We thank all reviewers for their positive comments and constructive feedback. We clarify a few points raised by the reviewers as follows.

  1. Comparison with other existing 3D MRI reconstruction methods (R3)

The goal of our paper is to develop a practical memory-efficient framework for 3D MRI reconstruction in clinical use. As acknowledged by R1, we provided comprehensive comparisons with various memory-efficient approaches such as 3D convolution decomposition, FP16 inference, model reparameterization, depth separable convolution and eDF. We also provided comparisons for CNN models with different widths and depths as well as experiments for various ablated Recon3DMLP models.

Due to the large 3D image size and computation constraint, the SOTA methods for 2D MRI reconstruction are not directly transferable to 3D MRI reconstruction. To the best of our knowledge, there is hardly any existing work proposing deep learning based architectures specifically for 3D MRI reconstruction. The paper pointed out by R3 (Wang et al.) proposed a new loss function rather than a network architecture. Although evaluated on 3D MRI data, their method utilizes a previously published 2D model (MoDL) and treats 3D data as 2D (i.e., extract 2D slices from the 3D volume and train/evaluate on each 2D slice independently). Such a method ignores the information across slices and reconstructs each slice one by one, which is slow and may have limited practical value. Therefore, the method in Wang et al. is a 2D MRI reconstruction framework, while our method is a 3D based method that directly reconstructs 3D MRI data and utilizes the across slice information.

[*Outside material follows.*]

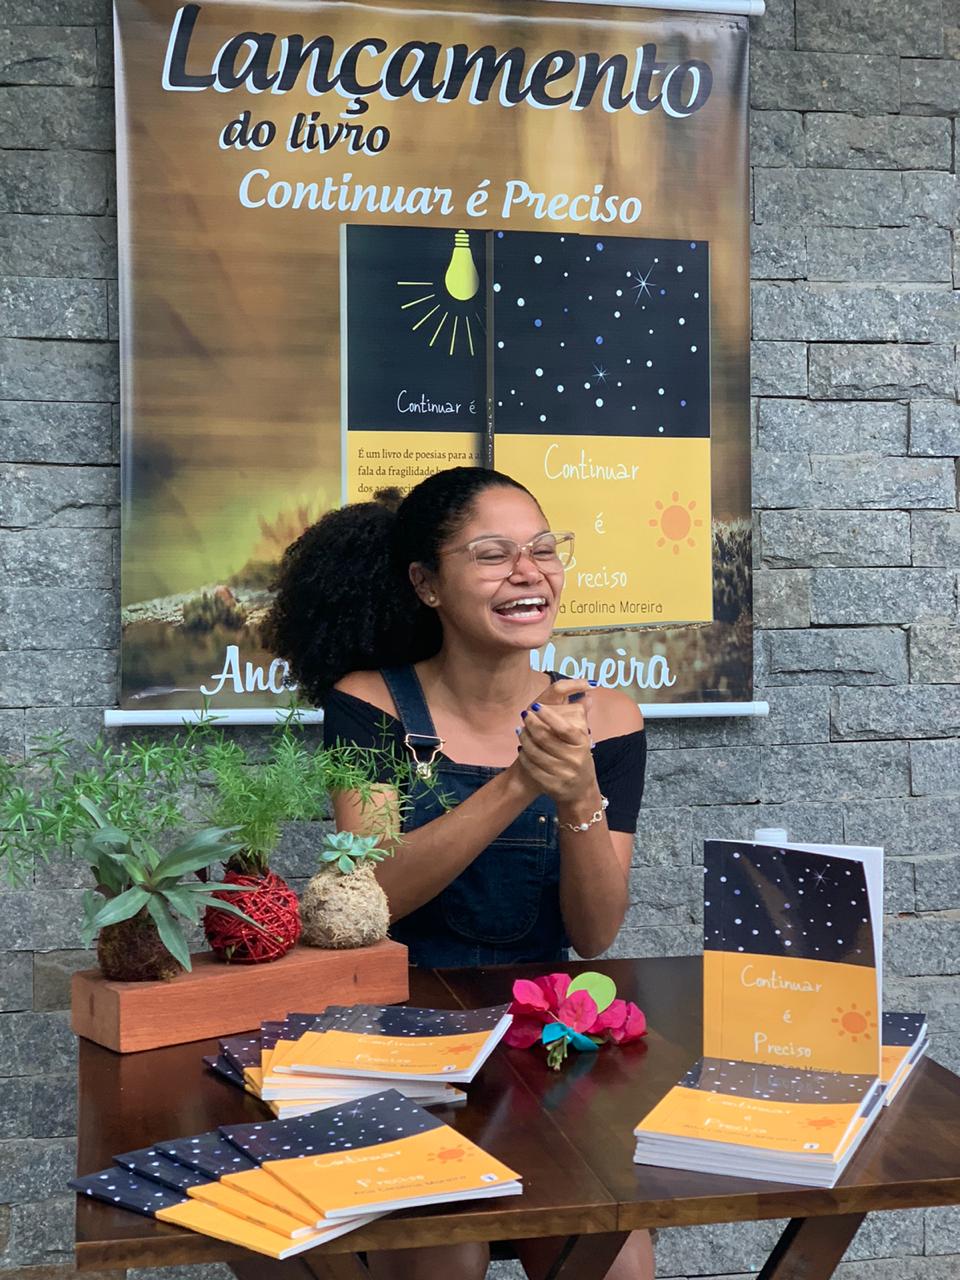 Escritora Ana Carolina Moreira fala sobre seu primeiro livro “Continuar é Preciso”
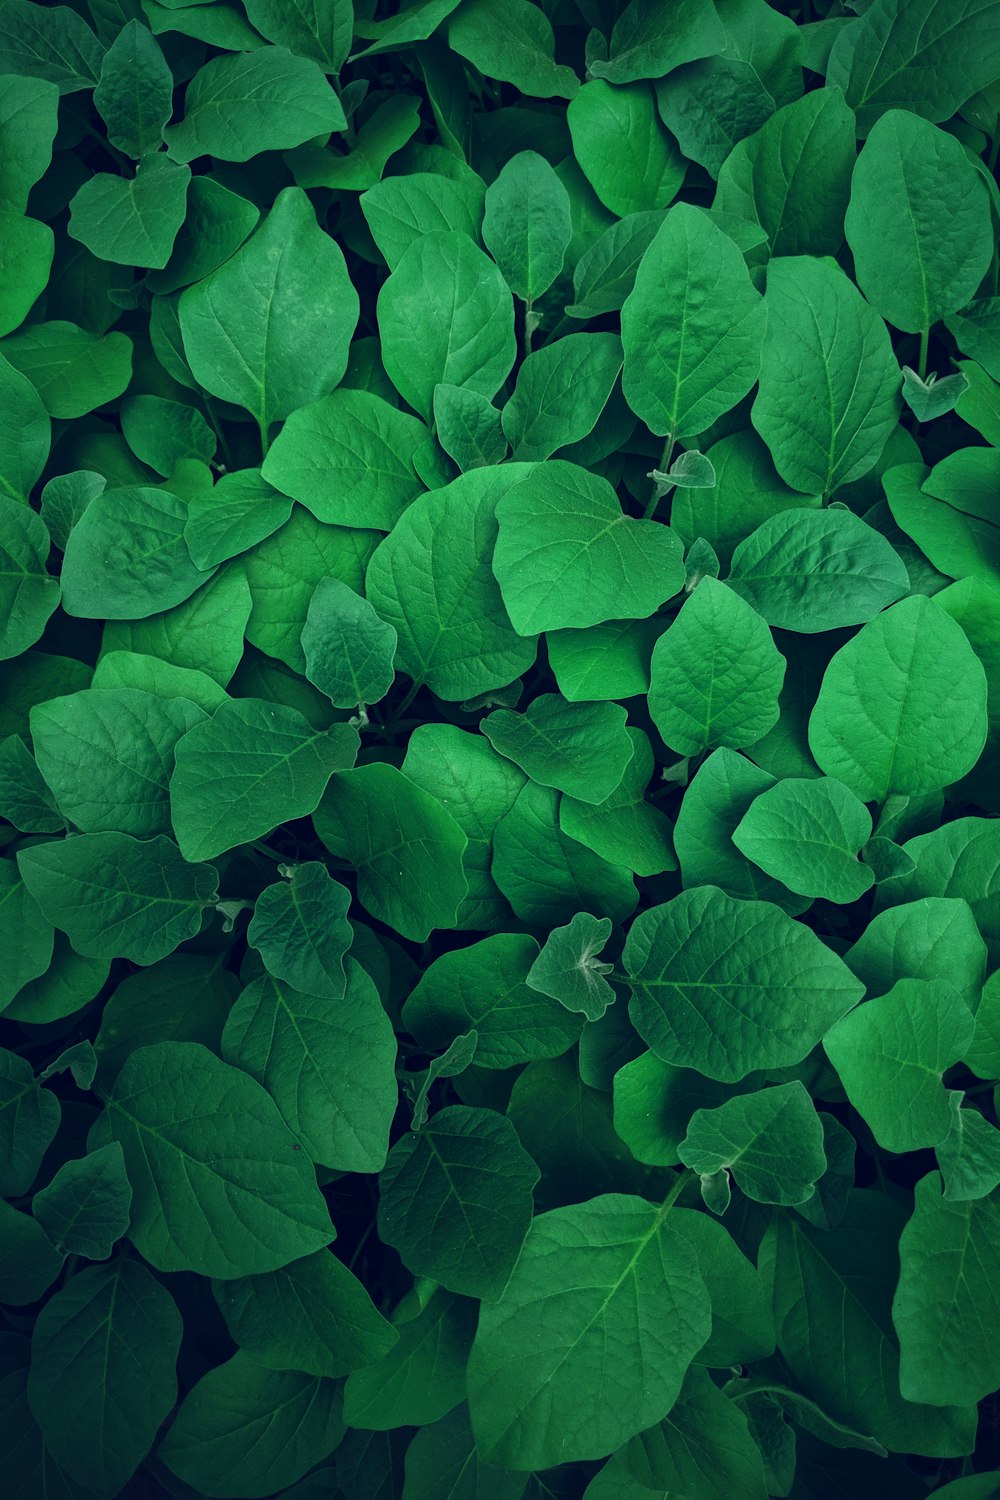 Hình ảnh nền màu xanh lá cây: Những bức hình nền màu xanh lá cây sẽ làm cho tâm trạng bạn trở nên sảng khoái và thư giãn hơn. Hãy đắm mình trong những gam màu tươi sáng của thiên nhiên và cảm nhận sự thật tuyệt đẹp của cuộc sống.

  1. Marginal improvement in performance (R2)

All baseline models have relatively good performance on the low-frequency reconstruction (indicated by relatively large PSNR/SSIM values). The improvement of the proposed method is mainly from the better high-frequency reconstruction (Fig.4 and 5), which may not be effectively measured by PSNR/SSIM. Nevertheless, the p values show that the improvement of the proposed method over baseline methods is statistically significant.

  1. Better visualization of k-space difference (R1)

We will provide a supplementary figure comparing the k-space difference between ground truth and Recon3DMLP with and without dMLP.

  1. More model and experiment details (R1,R2)

After image patching, the 1D FC layers are applied over each patch dimension. The FC layers are shared and thus can be applied to an arbitrary number of patches, which corresponds to the arbitrary image size. We omit equations due to the space limit and use figures to demonstrate the dMLP module.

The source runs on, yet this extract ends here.